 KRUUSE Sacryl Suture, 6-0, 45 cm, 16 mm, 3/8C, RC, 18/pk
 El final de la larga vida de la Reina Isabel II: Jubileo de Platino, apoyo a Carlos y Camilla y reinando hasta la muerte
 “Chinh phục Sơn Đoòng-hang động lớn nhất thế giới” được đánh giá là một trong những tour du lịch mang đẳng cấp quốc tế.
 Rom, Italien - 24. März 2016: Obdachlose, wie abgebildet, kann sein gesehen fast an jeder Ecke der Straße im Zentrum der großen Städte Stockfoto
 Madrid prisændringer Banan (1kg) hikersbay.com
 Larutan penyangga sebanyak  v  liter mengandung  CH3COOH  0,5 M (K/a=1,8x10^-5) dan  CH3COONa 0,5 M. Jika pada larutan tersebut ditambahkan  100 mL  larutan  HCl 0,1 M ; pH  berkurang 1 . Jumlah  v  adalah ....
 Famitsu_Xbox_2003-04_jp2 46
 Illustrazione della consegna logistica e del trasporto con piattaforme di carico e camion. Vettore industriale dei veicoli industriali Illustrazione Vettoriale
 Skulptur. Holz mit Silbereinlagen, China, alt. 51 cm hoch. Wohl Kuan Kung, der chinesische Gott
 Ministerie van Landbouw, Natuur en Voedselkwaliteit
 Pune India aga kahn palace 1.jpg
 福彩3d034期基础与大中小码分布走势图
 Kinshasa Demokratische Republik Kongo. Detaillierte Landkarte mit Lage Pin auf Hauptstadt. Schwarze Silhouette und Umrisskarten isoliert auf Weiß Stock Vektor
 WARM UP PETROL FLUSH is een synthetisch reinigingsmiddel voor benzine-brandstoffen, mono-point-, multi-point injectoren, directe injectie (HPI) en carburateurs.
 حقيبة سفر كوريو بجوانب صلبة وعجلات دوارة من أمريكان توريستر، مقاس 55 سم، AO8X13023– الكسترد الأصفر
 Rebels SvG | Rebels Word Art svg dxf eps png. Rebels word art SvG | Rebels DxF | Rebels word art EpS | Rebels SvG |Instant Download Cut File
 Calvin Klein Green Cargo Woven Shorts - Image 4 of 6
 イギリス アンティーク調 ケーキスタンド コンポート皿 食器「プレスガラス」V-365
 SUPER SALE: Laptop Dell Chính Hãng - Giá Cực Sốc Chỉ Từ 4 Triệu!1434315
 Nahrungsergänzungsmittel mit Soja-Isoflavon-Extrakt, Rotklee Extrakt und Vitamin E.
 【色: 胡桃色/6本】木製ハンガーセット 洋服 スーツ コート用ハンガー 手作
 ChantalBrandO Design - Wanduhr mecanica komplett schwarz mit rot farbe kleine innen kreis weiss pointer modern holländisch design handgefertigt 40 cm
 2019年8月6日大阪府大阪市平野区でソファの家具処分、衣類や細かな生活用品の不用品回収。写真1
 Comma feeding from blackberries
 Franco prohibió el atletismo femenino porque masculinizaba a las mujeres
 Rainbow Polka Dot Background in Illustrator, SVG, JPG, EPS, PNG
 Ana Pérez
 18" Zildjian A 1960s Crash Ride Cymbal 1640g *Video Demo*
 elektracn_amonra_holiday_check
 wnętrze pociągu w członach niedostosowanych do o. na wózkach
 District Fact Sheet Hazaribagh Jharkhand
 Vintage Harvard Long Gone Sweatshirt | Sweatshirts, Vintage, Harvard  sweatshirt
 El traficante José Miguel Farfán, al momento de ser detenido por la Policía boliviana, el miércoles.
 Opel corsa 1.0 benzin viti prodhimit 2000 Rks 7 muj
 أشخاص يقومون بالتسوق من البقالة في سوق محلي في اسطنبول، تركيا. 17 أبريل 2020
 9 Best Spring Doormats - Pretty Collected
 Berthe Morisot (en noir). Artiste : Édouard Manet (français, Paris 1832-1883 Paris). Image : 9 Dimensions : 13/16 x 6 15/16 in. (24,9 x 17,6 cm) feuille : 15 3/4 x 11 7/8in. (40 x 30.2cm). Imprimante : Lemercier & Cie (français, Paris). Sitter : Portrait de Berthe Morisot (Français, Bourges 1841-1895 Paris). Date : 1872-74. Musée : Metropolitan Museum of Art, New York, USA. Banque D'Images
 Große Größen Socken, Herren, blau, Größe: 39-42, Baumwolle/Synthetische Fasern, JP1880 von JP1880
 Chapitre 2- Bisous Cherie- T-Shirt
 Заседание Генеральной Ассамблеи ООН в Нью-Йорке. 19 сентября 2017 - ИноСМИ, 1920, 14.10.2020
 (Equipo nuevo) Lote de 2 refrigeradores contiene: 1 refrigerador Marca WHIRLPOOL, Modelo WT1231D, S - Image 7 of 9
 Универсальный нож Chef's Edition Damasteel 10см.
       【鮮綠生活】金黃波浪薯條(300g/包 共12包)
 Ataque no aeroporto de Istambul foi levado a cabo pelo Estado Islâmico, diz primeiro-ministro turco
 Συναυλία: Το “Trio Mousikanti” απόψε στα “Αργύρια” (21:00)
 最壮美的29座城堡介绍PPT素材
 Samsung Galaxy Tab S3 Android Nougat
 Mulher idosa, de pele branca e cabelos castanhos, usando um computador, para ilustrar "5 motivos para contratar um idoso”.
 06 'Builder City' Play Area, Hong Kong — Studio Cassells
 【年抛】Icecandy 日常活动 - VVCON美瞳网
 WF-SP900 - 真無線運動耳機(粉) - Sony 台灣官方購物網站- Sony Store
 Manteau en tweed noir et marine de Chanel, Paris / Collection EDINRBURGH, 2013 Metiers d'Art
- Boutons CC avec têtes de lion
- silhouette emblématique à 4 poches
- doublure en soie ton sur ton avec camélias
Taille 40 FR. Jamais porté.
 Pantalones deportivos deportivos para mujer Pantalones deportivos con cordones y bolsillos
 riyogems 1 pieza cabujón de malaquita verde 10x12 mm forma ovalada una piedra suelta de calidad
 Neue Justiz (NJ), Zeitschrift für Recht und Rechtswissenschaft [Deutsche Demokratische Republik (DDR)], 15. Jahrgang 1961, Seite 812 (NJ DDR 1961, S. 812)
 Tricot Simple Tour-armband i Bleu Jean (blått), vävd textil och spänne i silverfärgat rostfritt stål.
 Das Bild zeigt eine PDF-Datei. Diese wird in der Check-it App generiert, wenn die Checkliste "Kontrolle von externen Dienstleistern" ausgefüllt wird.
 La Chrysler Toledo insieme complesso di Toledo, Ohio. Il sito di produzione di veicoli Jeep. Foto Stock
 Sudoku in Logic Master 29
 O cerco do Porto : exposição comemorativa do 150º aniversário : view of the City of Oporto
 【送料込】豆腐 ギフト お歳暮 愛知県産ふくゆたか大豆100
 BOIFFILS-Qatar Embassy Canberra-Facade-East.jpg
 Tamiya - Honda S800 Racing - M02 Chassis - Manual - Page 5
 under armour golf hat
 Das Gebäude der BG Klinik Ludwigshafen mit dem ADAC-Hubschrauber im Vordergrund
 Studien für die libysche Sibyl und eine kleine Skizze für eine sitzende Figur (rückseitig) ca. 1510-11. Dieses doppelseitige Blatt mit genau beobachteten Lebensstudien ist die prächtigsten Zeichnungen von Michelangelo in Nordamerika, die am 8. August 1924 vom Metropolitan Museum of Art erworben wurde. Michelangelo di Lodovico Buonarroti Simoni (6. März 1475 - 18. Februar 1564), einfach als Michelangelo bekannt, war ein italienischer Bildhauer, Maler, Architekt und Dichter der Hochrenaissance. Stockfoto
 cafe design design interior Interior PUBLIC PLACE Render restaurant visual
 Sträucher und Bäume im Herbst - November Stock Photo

- _DESCRIPTION OF THE TASK_: Among the records above, only the lines between the line holding "Заседание Генеральной Ассамблеи" and the line holding "Универсальный нож Chef's", inclusive, are to be output, exactly as written.

- _SOLVED PROBLEM_:
 Заседание Генеральной Ассамблеи ООН в Нью-Йорке. 19 сентября 2017 - ИноСМИ, 1920, 14.10.2020
 (Equipo nuevo) Lote de 2 refrigeradores contiene: 1 refrigerador Marca WHIRLPOOL, Modelo WT1231D, S - Image 7 of 9
 Универсальный нож Chef's Edition Damasteel 10см.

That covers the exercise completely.